I shrug. “Not that I can remember. Why?”

“Because, let’s say—theoretically—that you were so shook up by what had just happened that you went inside and took a drink or another benzo to steady yourself. Or maybe you took one of each because you were so distraught.”

“I was distraught,” I tell her. “ I am .”

“Yeah, but think again. Did you go back in the house after you realized what had happened?”

“Wait. Come to think of it, yeah, I did. To get my cell phone so that I could get ahold of my wife.”

She nods approvingly. “Anyone see you do that?”

“Yeah. Some of the neighbors had come out when they heard the ambulance, saw the police cars. I was holding my little girl and had a woman from the neighborhood take her so that I could get my cell and call my wife.”

“Did you reach her?”

I shake my head. “She had turned off her phone.”

“Well, that must have made you crazy, huh? Your little boy is lying there, fighting for his life at that point. Right?” I nod.

“You need to let his mother know, but you can’t reach her.

It’s understandable that, at that point, your anxiety is so acute—so off the charts—that you might need to pop a pill or take a drink to try to hold yourself together. ”

I shake my head. “I might have, but I—”

She puts her hand up to stop me. “Like I said, I’m just talking theoretically. Because if that’s what happened, it would be helpful—something we could use.”

“What are you getting at?” I ask.

“Well, you told me you’d done a little drinking and drugging before your son got hurt.

But if you did a little more after he was injured, then whatever those blood test results are going to say, a judge might rule that they’re inadmissible.

You know, theoretically speaking.” I’m confused about what she’s saying; her expression is unreadable. “Okay, gotta go. Talk to you tomorrow.”

As I watch her hurry off, I figure it out.

If I lie about what happened when I went back in the house—tell Sparks I couldn’t face the fact that I’d just critically injured my son without “fortifying” myself—then there’s a decent chance they’d have to invalidate the blood tests.

Whatever they’re planning to charge me with would be that much harder to prove.

They might even decide it wouldn’t be worth it to charge me at all.
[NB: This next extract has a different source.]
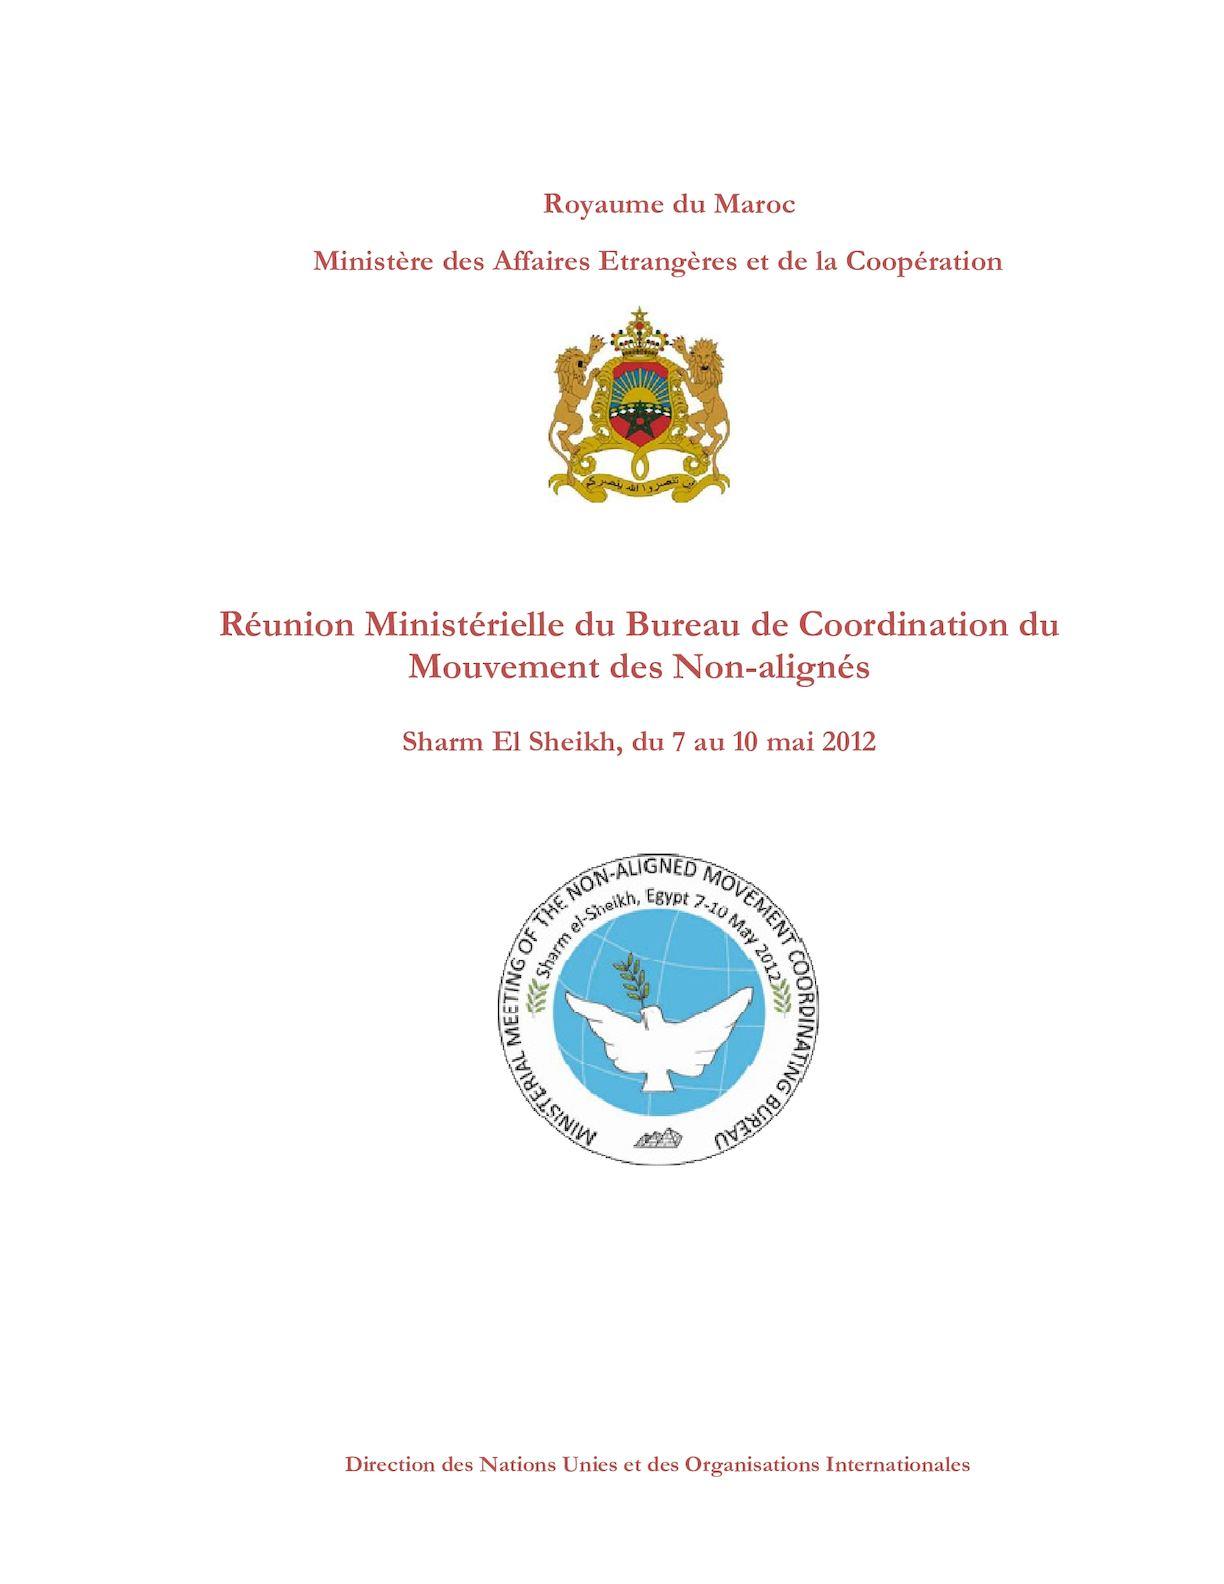 REUNION MINISTERIELLE SHARM ELSHEIKH 2012 RECUEIL EN FRANCAIS 25042012

And with no arrest hanging over my head, I’ll be motivated to drink less, cool it on the Ativan, get serious again about the job hunt.
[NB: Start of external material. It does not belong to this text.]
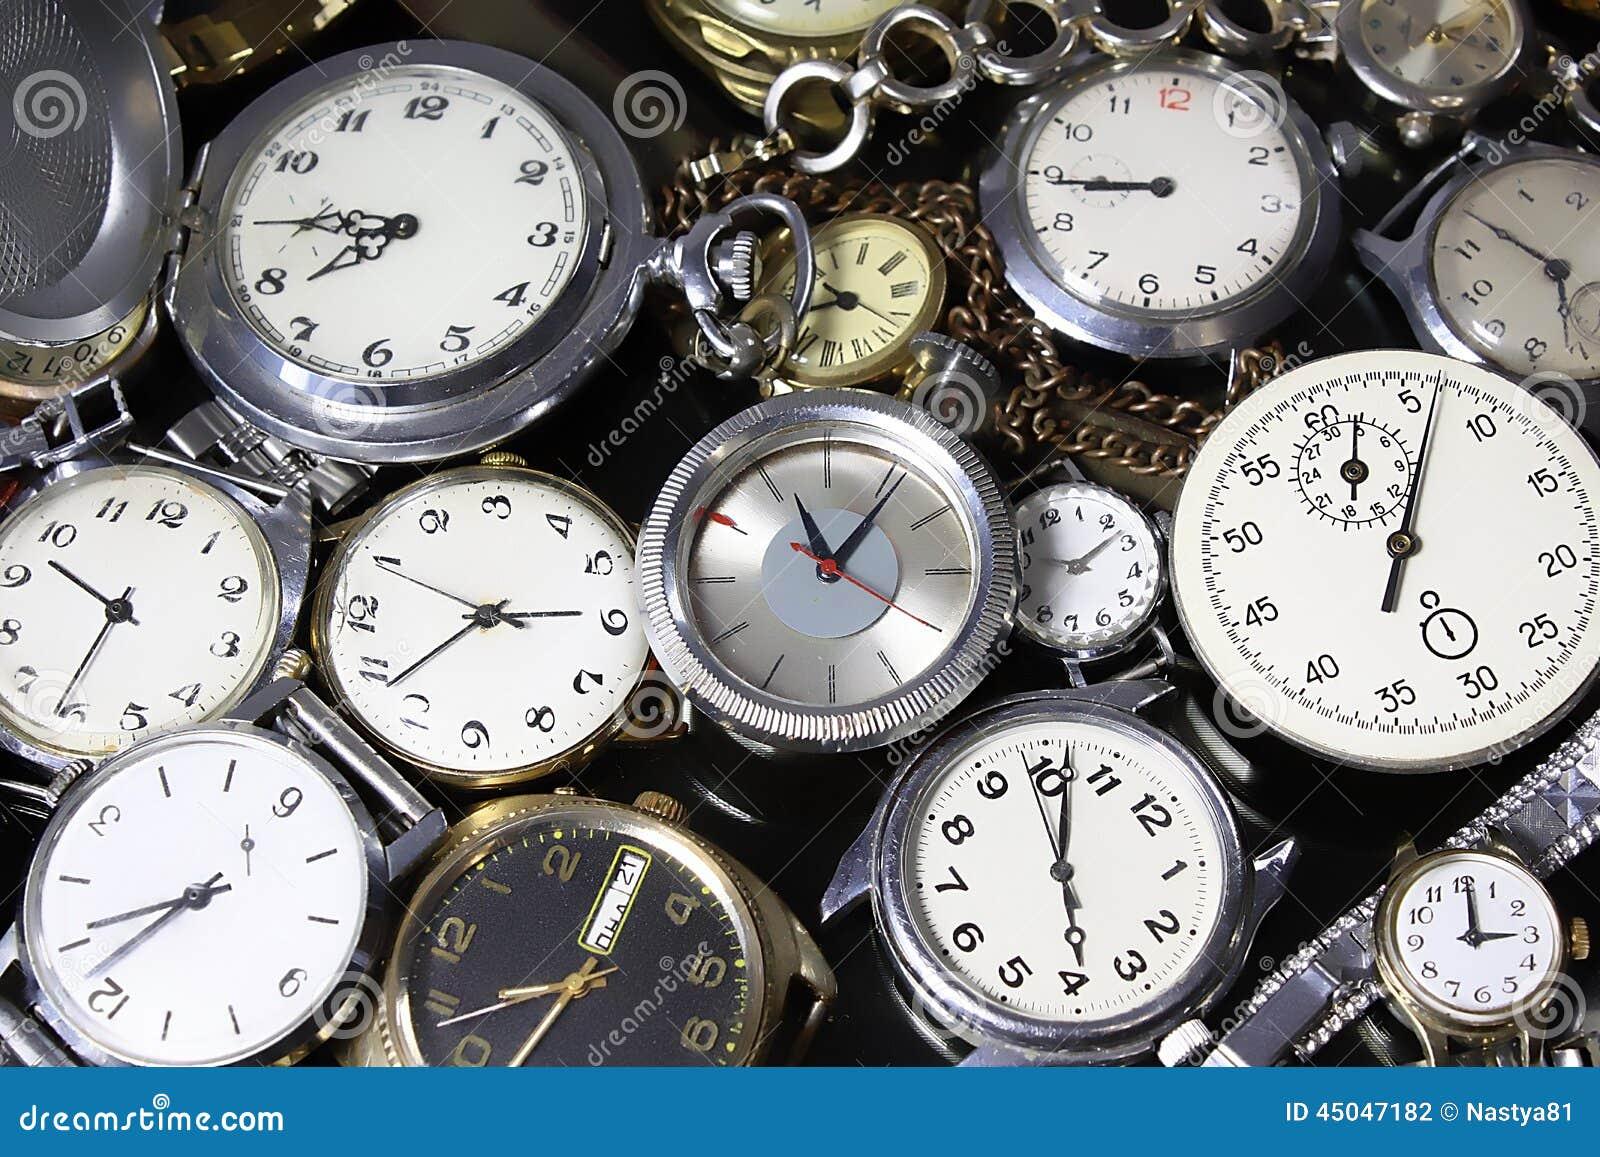 Background Watches Stock Photo Image 45047182

None of that will bring Niko back, but it would be a way forward for Emily, Maisie, and me.

Tempted by Attorney Dixon’s “theoreticals” and still feeling the effects of my two a.m. alcohol binge, I walk the street for several minutes looking for my car before it hits me that I’ve taken Emily’s.
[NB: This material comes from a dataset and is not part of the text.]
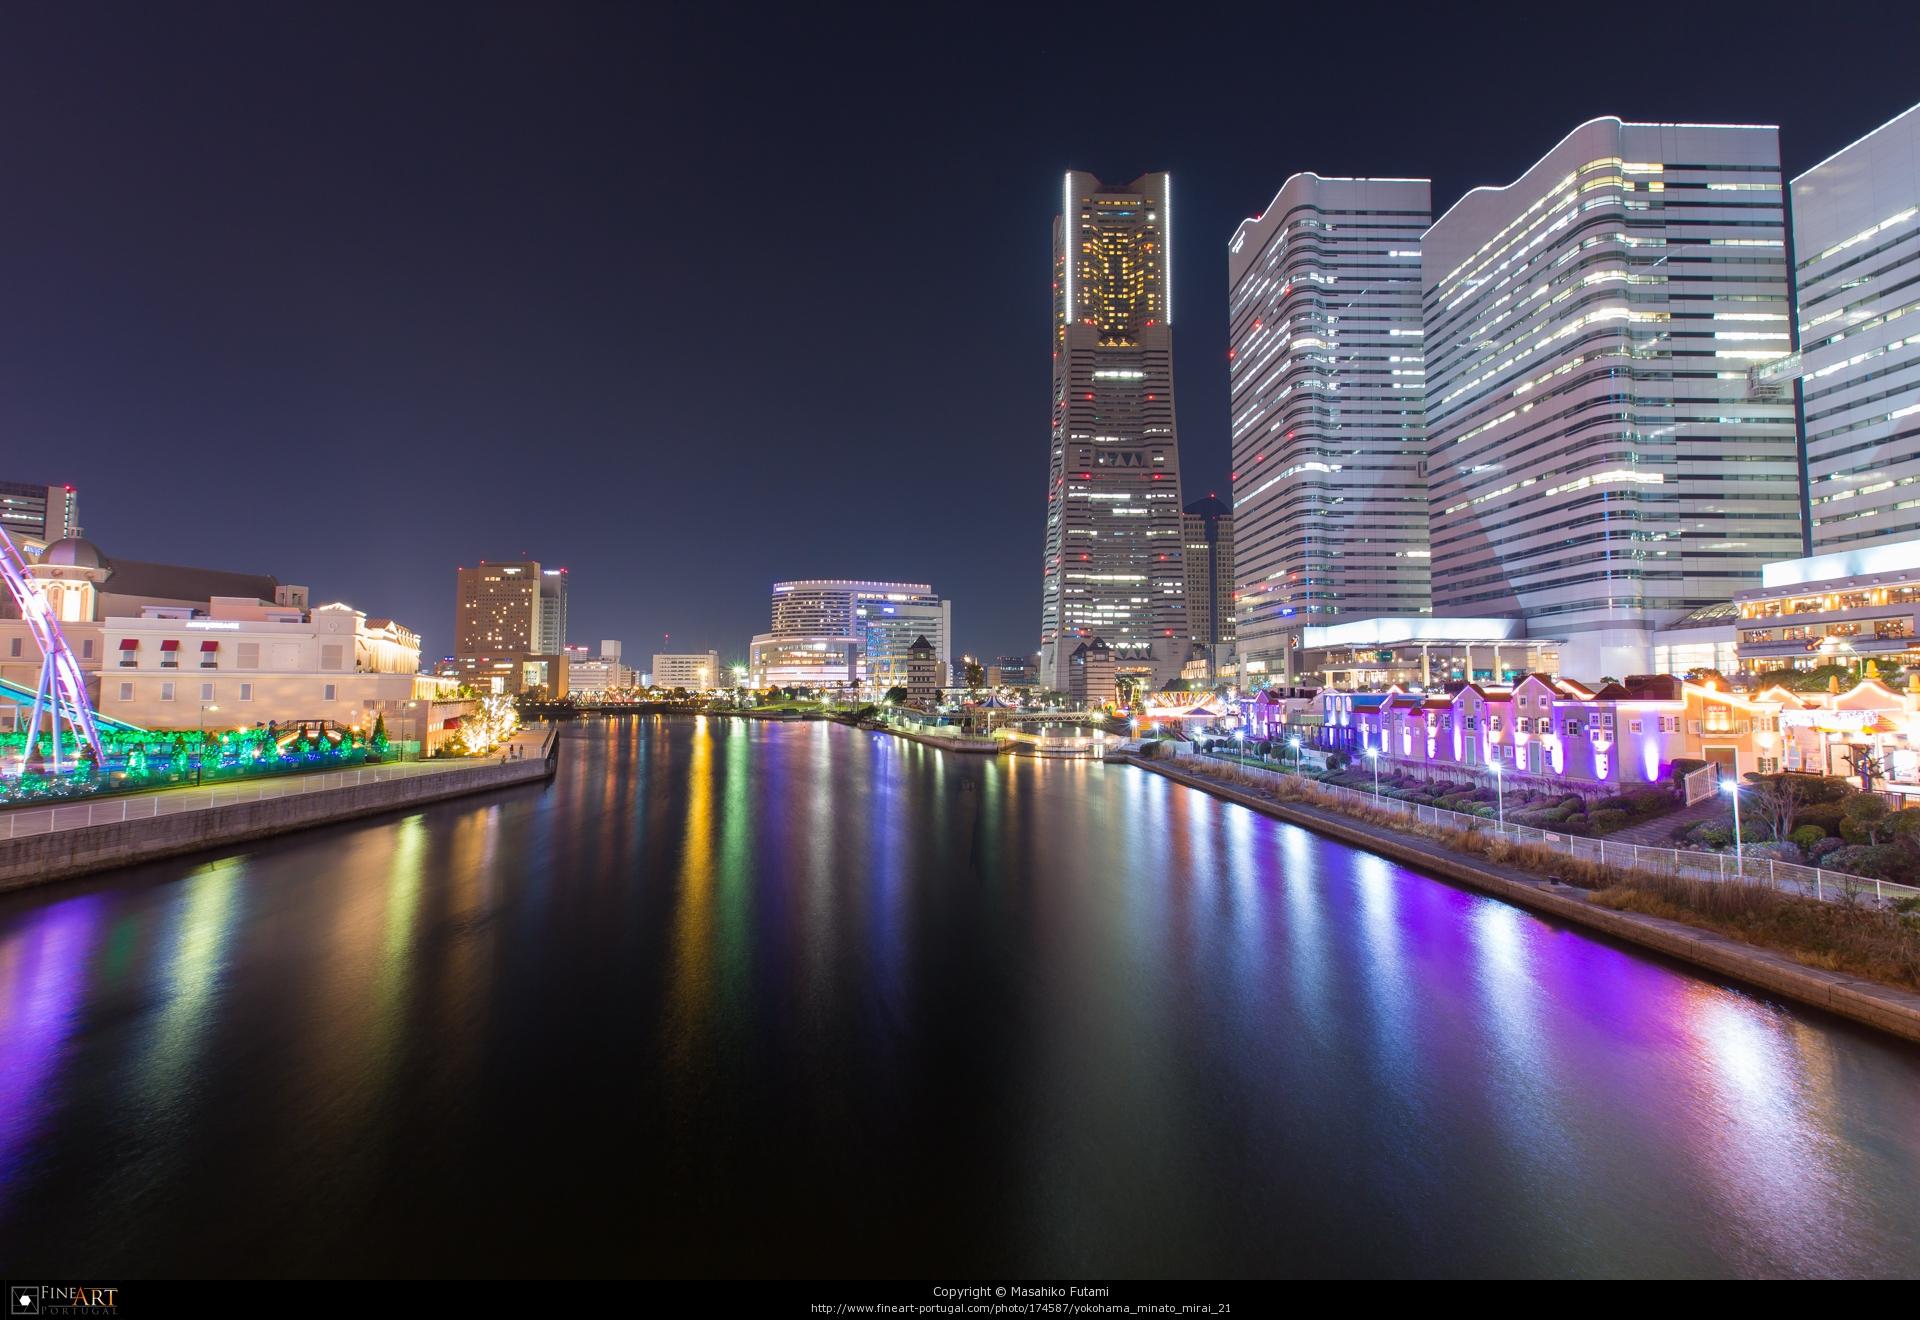 FineArt-Portugal掲載作品 No.4 『Yokohama Minato Mirai 21』

I didn’t notice before that I parked across from a diner.

I need coffee badly and I ate almost nothing the day before.

“Large coffee, cream no sugar, and a corn muffin to go,” I tell the woman at the register.

Back in the car, I stuff half of the muffin in my mouth and wash it down with a big gulp of coffee.

Take a second swig, a third. Ah, caffeine.

… Glancing at the dashboard clock, I realize that at this time yesterday, Niko was still fighting for his life.

What right do I have to be sitting here, enjoying the taste of coffee?